Dava konusu yayın incelendiğinde davacının dini görüşlerini siyasete yansıtması, Cumhuriyetin temel ilkelerine karşı olduğu ve devletin dinsel temeller üzerine oturtulması gerektiğini savunan açıklama ve yayınlarından söz edilmiş ve yorumlar yapılmıştır. Dosyada mevcut deliller incelendiğinde davacının makale haline getirilmiş “21. Yüzyıla Girerken Dünya ve Türkiye Gündeminde İslam” başlıklı ve Sivas’ta düzenlenen sempozyumda yaptığı konuşmada “…Başlangıçta kurulurken ortaya atılan Cumhuriyet ilkesinin zayıfladığını ve işlevini kaybettiğini görüyoruz. Halk için ve halk adına yönetim diye tarif edilen Cumhuriyet kavramının aslında artık bizim için çok fazla bir mana ifade etmediğini söylememiz de mümkündür. İnsanlar giderek daha çok demokrasiyi, daha çok katılımı ister hale gelmişlerdir” “..son değişme ve gelişmeler karşısında insanlarda bağımsızlık duygusunu temayülünün artmasıdır veya devlet yönetimine yönelik olarak katılma taleplerinin çoğalmasıdır. Yine bunu aslında ilkeler açısından göz önüne aldığımız takdirde Türkiye’de Cumhuriyet ilkesinin yerini katılımcı bir yönetime devretmesi gerektiği ve nihayet laiklik ilkesinin yerinin İslam’la bütünleşmesinin gerekli olduğu kanaatini taşıyorum. Böylece TC’nin başlangıçta ortaya koyduğu bütün temel ilkelerin laiklik, Cumhuriyet ve milliyetçilik gibi birçok ilkenin yerini daha çok katılımcı, daha adem-i merkezi, daha Müslüman bir yapıya devretmesi zorunluluğu ve artık bunun zamanının geldiği düşüncesini taşıyorum” şeklinde siyasi ve devlet yönetimine egemen olması gereken kurallar yönünden görüşlerini açıkladığı görülmektedir.

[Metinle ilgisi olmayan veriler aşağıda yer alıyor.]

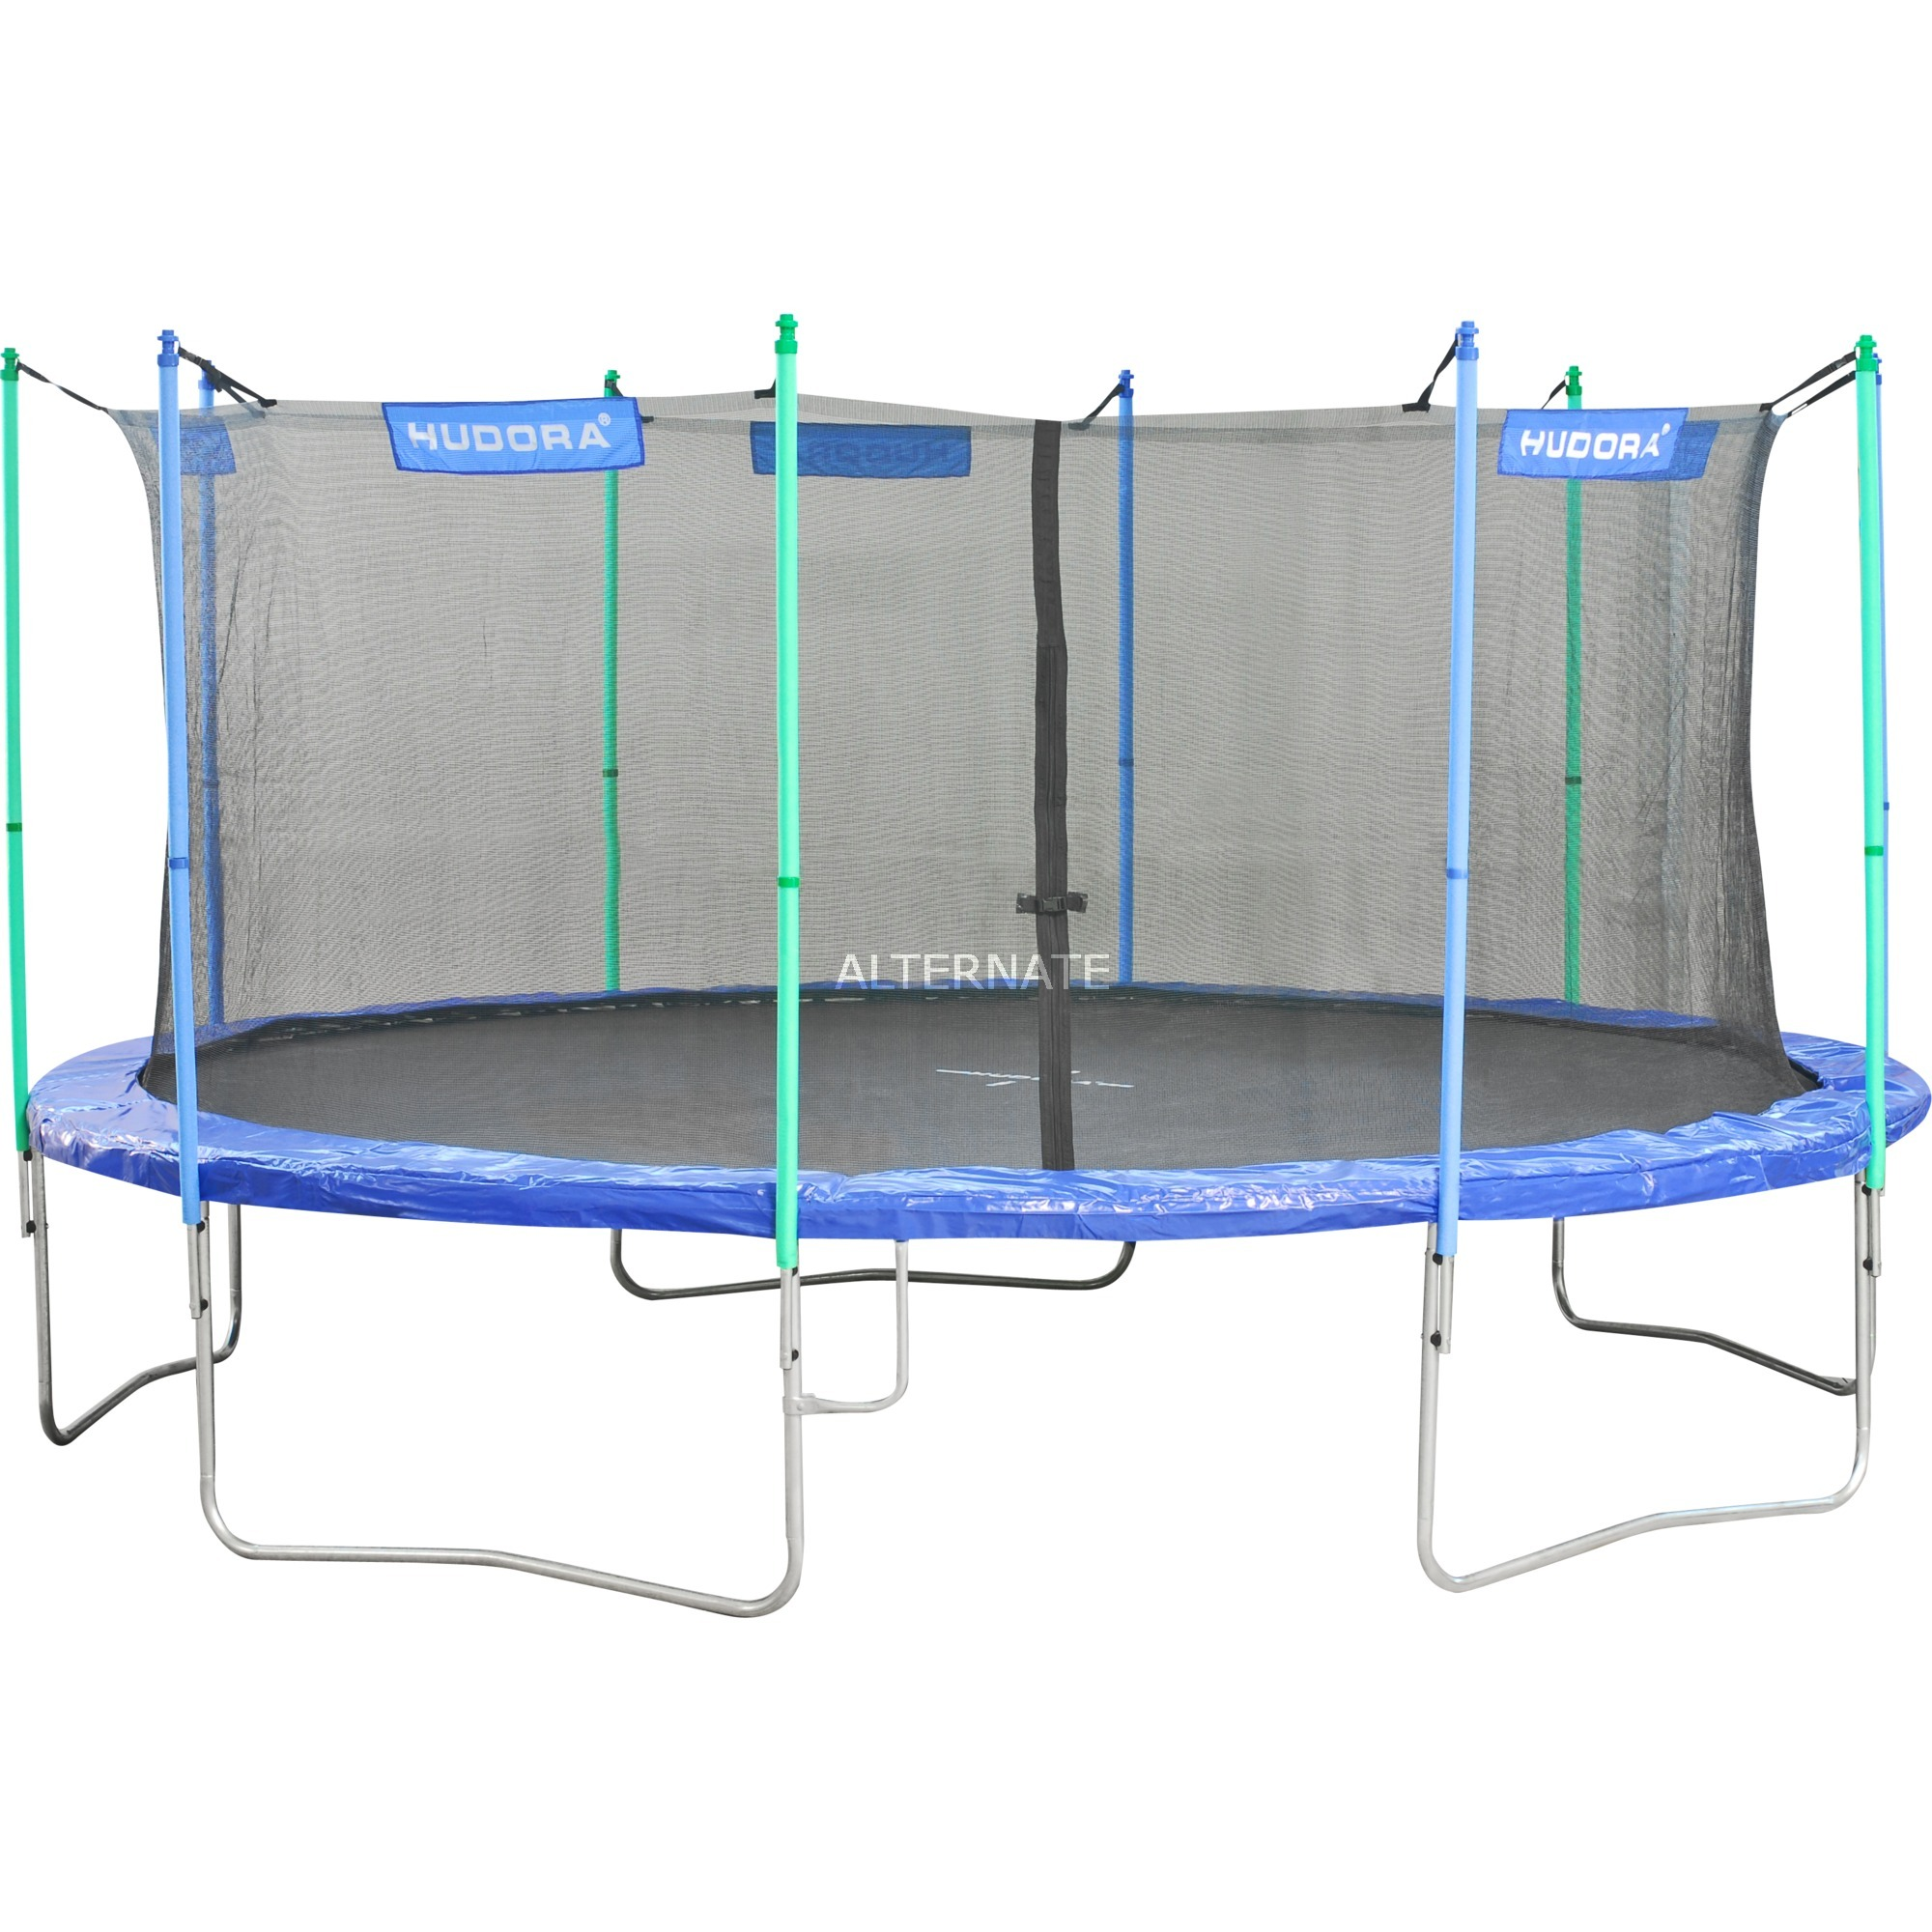 trampolin 400 netz fitness randabdeckung sicherheitsnetz abdeckung prezzo e offerte sottocosto. Black Bedroom Furniture Sets. Home Design Ideas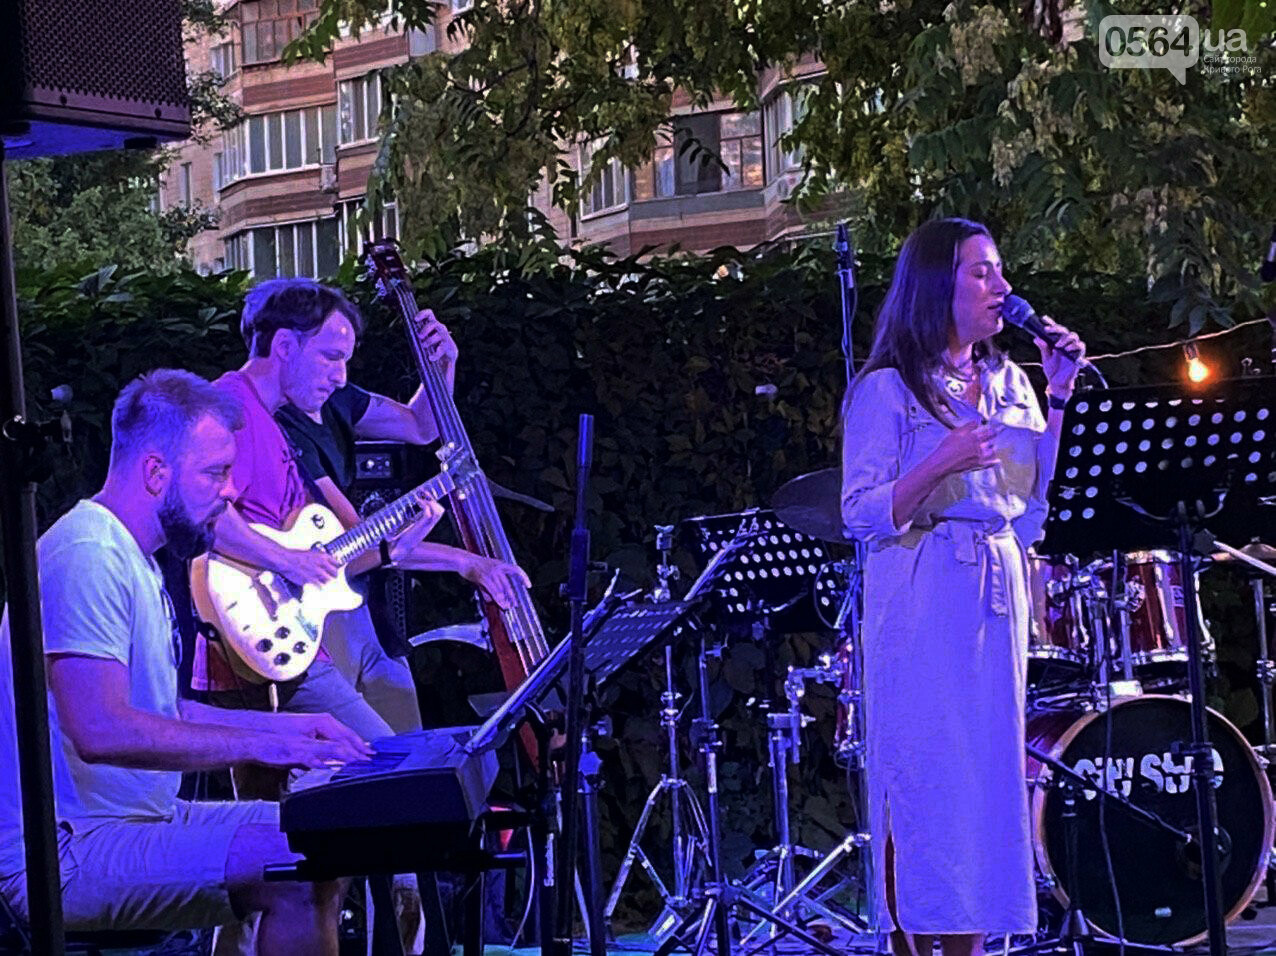 Под звездным небом криворожане наслаждались летним джазом от  Advantage Project, - ФОТО, ВИДЕО , фото-17

Davacı 3 Kasım 2002 genel seçimlerinden sonra Başbakan tarafından devletin üst düzey bürokratlığı olan Başbakanlık Müsteşarlığı görevine getirilmiştir. Devletin çok önemli bir mevkiinde görev yapan kişi olarak Türkiye Cumhuriyeti’nin laik, demokratik ve çağdaş yapısına tümü ile aykırı düşünceler taşıması, islami kuralların devlet yapısında egemen olması gerektiğini net bir şekilde ifade etmesi konumu itibariyle onu eleştirilerin odağı haline getirmiştir. Yayında Cumhuriyetin ve laikliğin yerini Müslüman bir yapıya devretmesi gerektiğini savunan düşüncelerinden alıntılar yapılarak davacının siyasi ve devlet yönetimine ilişkin görüşlerini tartışmasız savunduğu ve dinsel temelli bir devlet yönetimi anlayışını telkin etmesi nedeni ile de dava dilekçesinde yer alan sofla, bağnaz, yobaz ve mürteci sözcükleriyle nitelendirdiği görülmektedir.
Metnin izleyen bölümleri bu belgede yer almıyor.